Он положил бритву в сумку и вышел в знакомый коридор в надежде найти телефон. Наконец он нашел то, что искал, и, стараясь говорить как можно вежливее по-чешски, попросил строгого важного вахтера, сидящего за столом, разрешить ему сделать два звонка. Робин сообщила, что у нее нет никаких новостей; затем он позвонил Кэри Пауэрсу в свой офис.
– Здесь все под контролем, заверил его Кэри. – Если произойдет что-нибудь, с чем я сам не смогу справиться, я сообщу тебе.
– Хорошо, – нетерпеливо согласился с ним Марк, повесил трубку и пошел в детское отделение, чтобы взглянуть на дочку, невероятно крошечную в своей кроватке. Ее маленькое тельце было соединено с различными приборами, следящими за ее состоянием.
– Она неплохо себя чувствует, очень неплохо, – сообщила ему дежурная сестра.
Марк не знал, верить ей или нет.
– Но она такая маленькая, – только и смог сказать он.
– Ну, не такая маленькая, – возразила женщина. – Я видела младенцев весом около трех фунтов, а пять фунтов и три унции – это хороший вес.
Марк немного приободрился.
– Хотите подержать ее?
Марк удивился. Неужели можно? Ах, если бы они были там, где бы он доверял медицине, например, в клинике Святого Луки или в Пресвитерианской клинике в округе Колумбия, а не в этой восточноевропейской стране. Несмотря ни на что он был вынужден признать, что уход за Катринкой и ребенком был неплохой. Врачи оказались заботливыми, добрыми и, что самое главное, компетентными.
– Да, если можно, я бы хотел подержать ее.
Сестра подняла ребенка с кроватки, нежно напевая что-то вполголоса по-чешски, завернула его в одеяльце и передала Марку.
– Посмотрите, ее уже вполне можно брать на руки.
Девочка сморщила маленькое обезьянье личико и снова уснула. Она не была похожа ни на Марка, ни на Катринку, но уже через минуту он, держа на руках это маленькое, незнакомое, чудесное тельце своей дочери, знал, что он и она – единое целое. Эта связь была сильнее и глубже, чем все провода, связывающие девочку с монитором. На глаза Марка навернулись слезы. Казалось, сердце таяло у него в груди.
– Да, конечно, – согласился он.
К тому времени, когда Марк вернулся из детского отделения, Кристиан уже приехал из отеля, где отдыхал, и сидел на стуле у кровати матери.

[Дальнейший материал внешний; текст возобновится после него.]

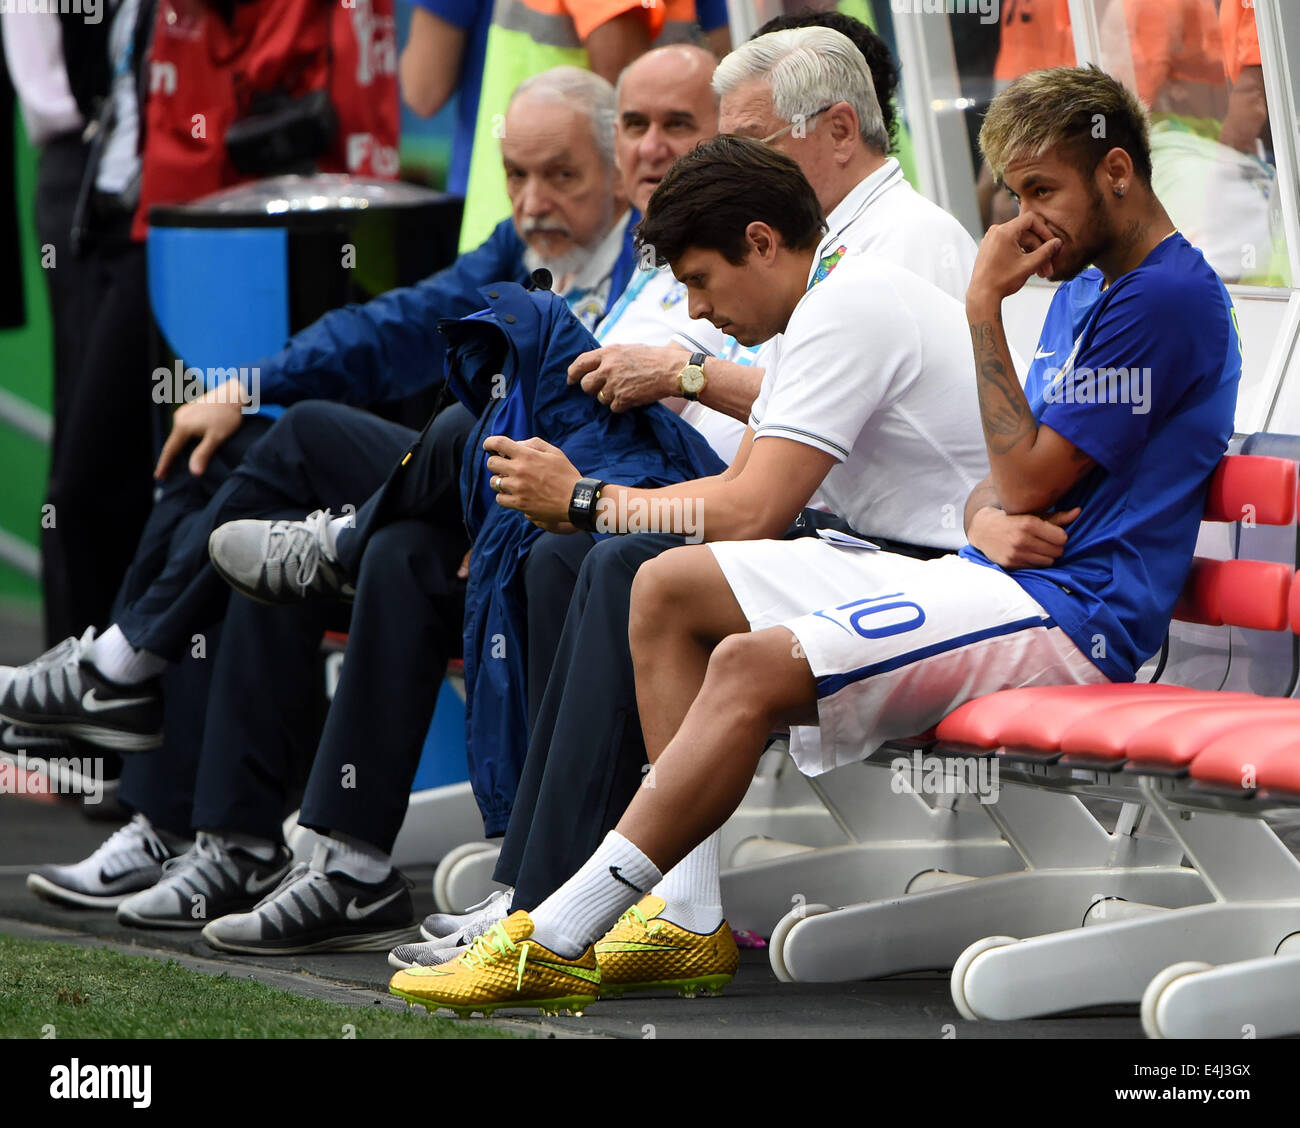 Brasilia, Brazil. 12th July, 2014. Brazil's Neymar (1st R) watches teammates' training on the bench before the third place play-off match between Brazil and Netherlands of 2014 FIFA World Cup at the Estadio Nacional Stadium in Brasilia, Brazil, on July 12, 2014. Credit:  Guo Yong/Xinhua/Alamy Live News Stock Photo
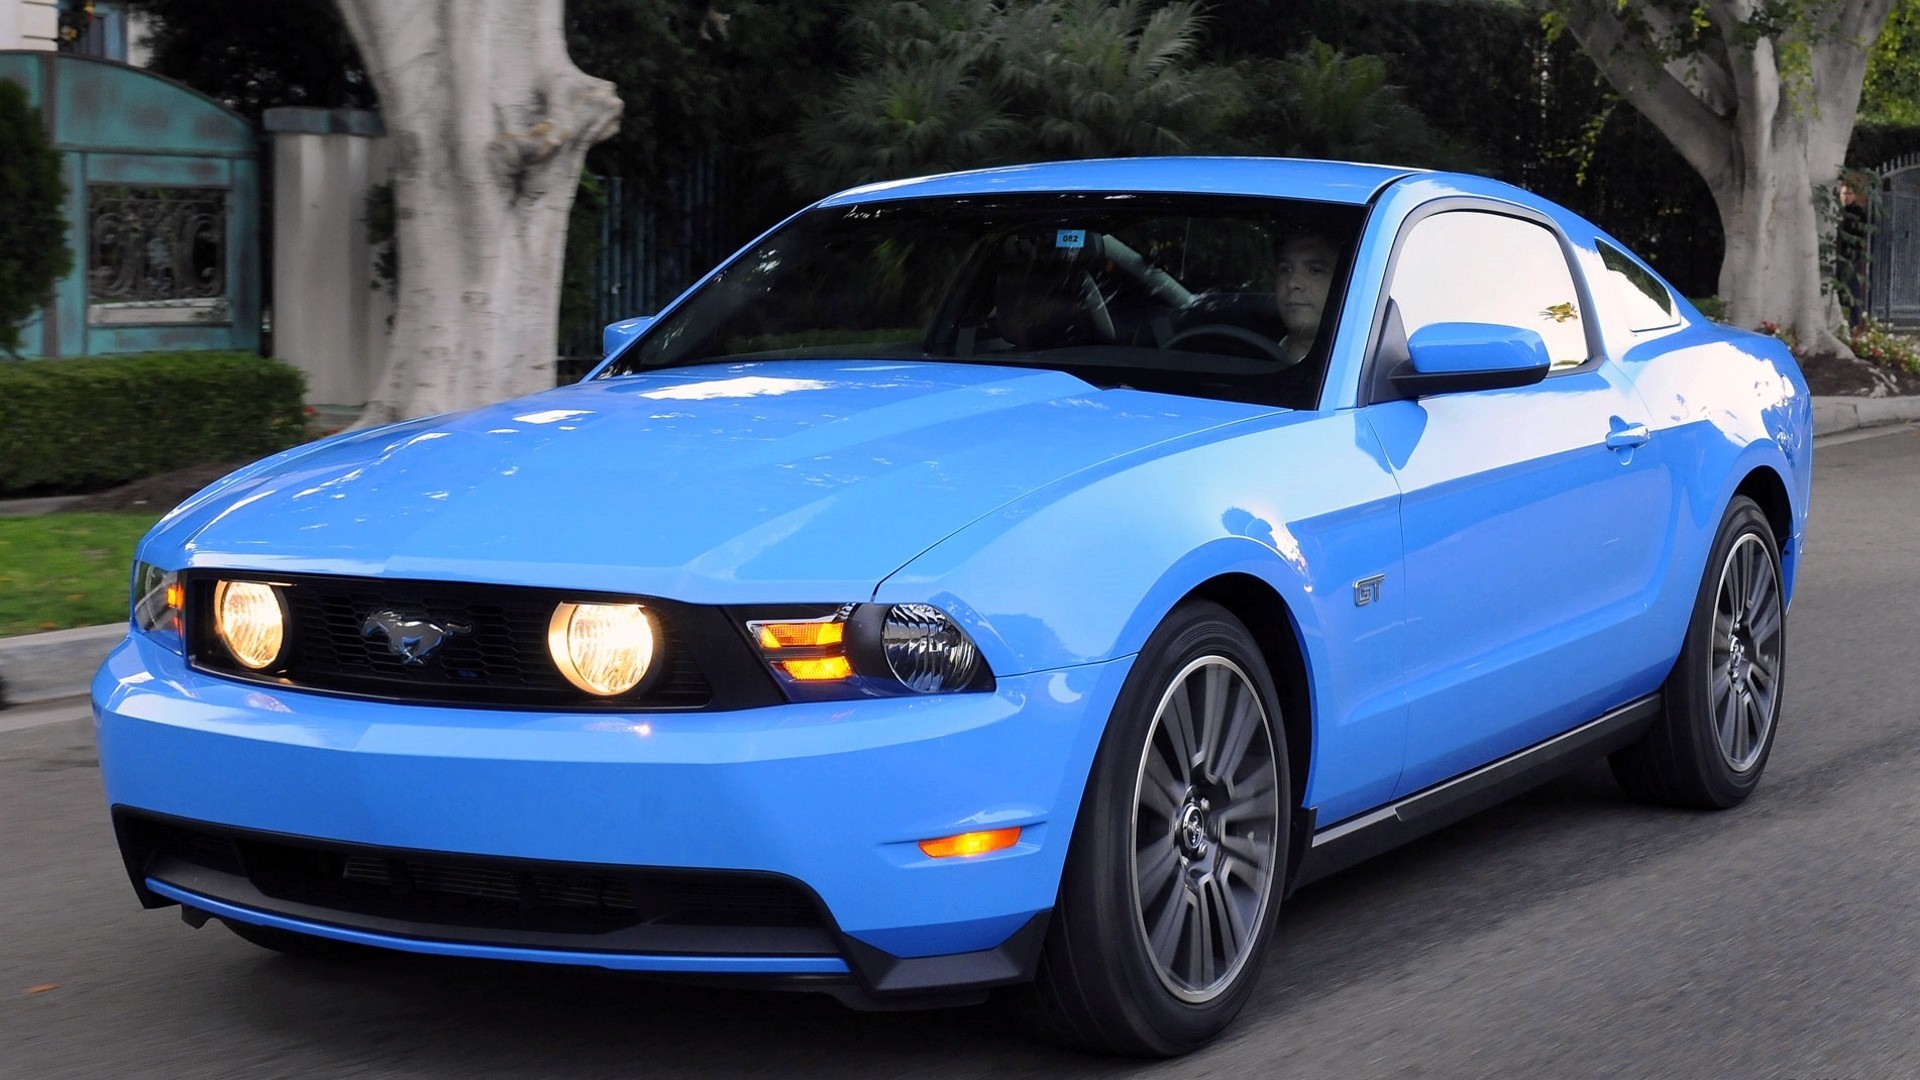 Ford Mustang, Muscle Cars, Blue Cars Wallpaper

– Она не приходила в сознание? – спросил он, увидев входящего Марка.
– Нет, пока я был здесь, она даже не шевельнулась.
– Тебе следует отдохнуть. Я посижу с ней.
– Нет, – ответил Марк. – Мы оба останемся здесь.
Он попросил санитара принести второй стул и сел рядом с Кристианом. В комнате стояла атмосфера подозрительности и враждебности. Кристиан недоброжелательно смотрел на отчима – он видел фотографии и требовал объяснений. Но Марк не собирался никому ничего объяснять.
– Звонила Зузанка, – сказал он.
– Кто это?
– Дочь Мирека. Сегодня его похороны. Она хотела знать, почему мы не пришли.
– Ох, – Марк был совершенно отстранен от этой стороны жизни Катринки.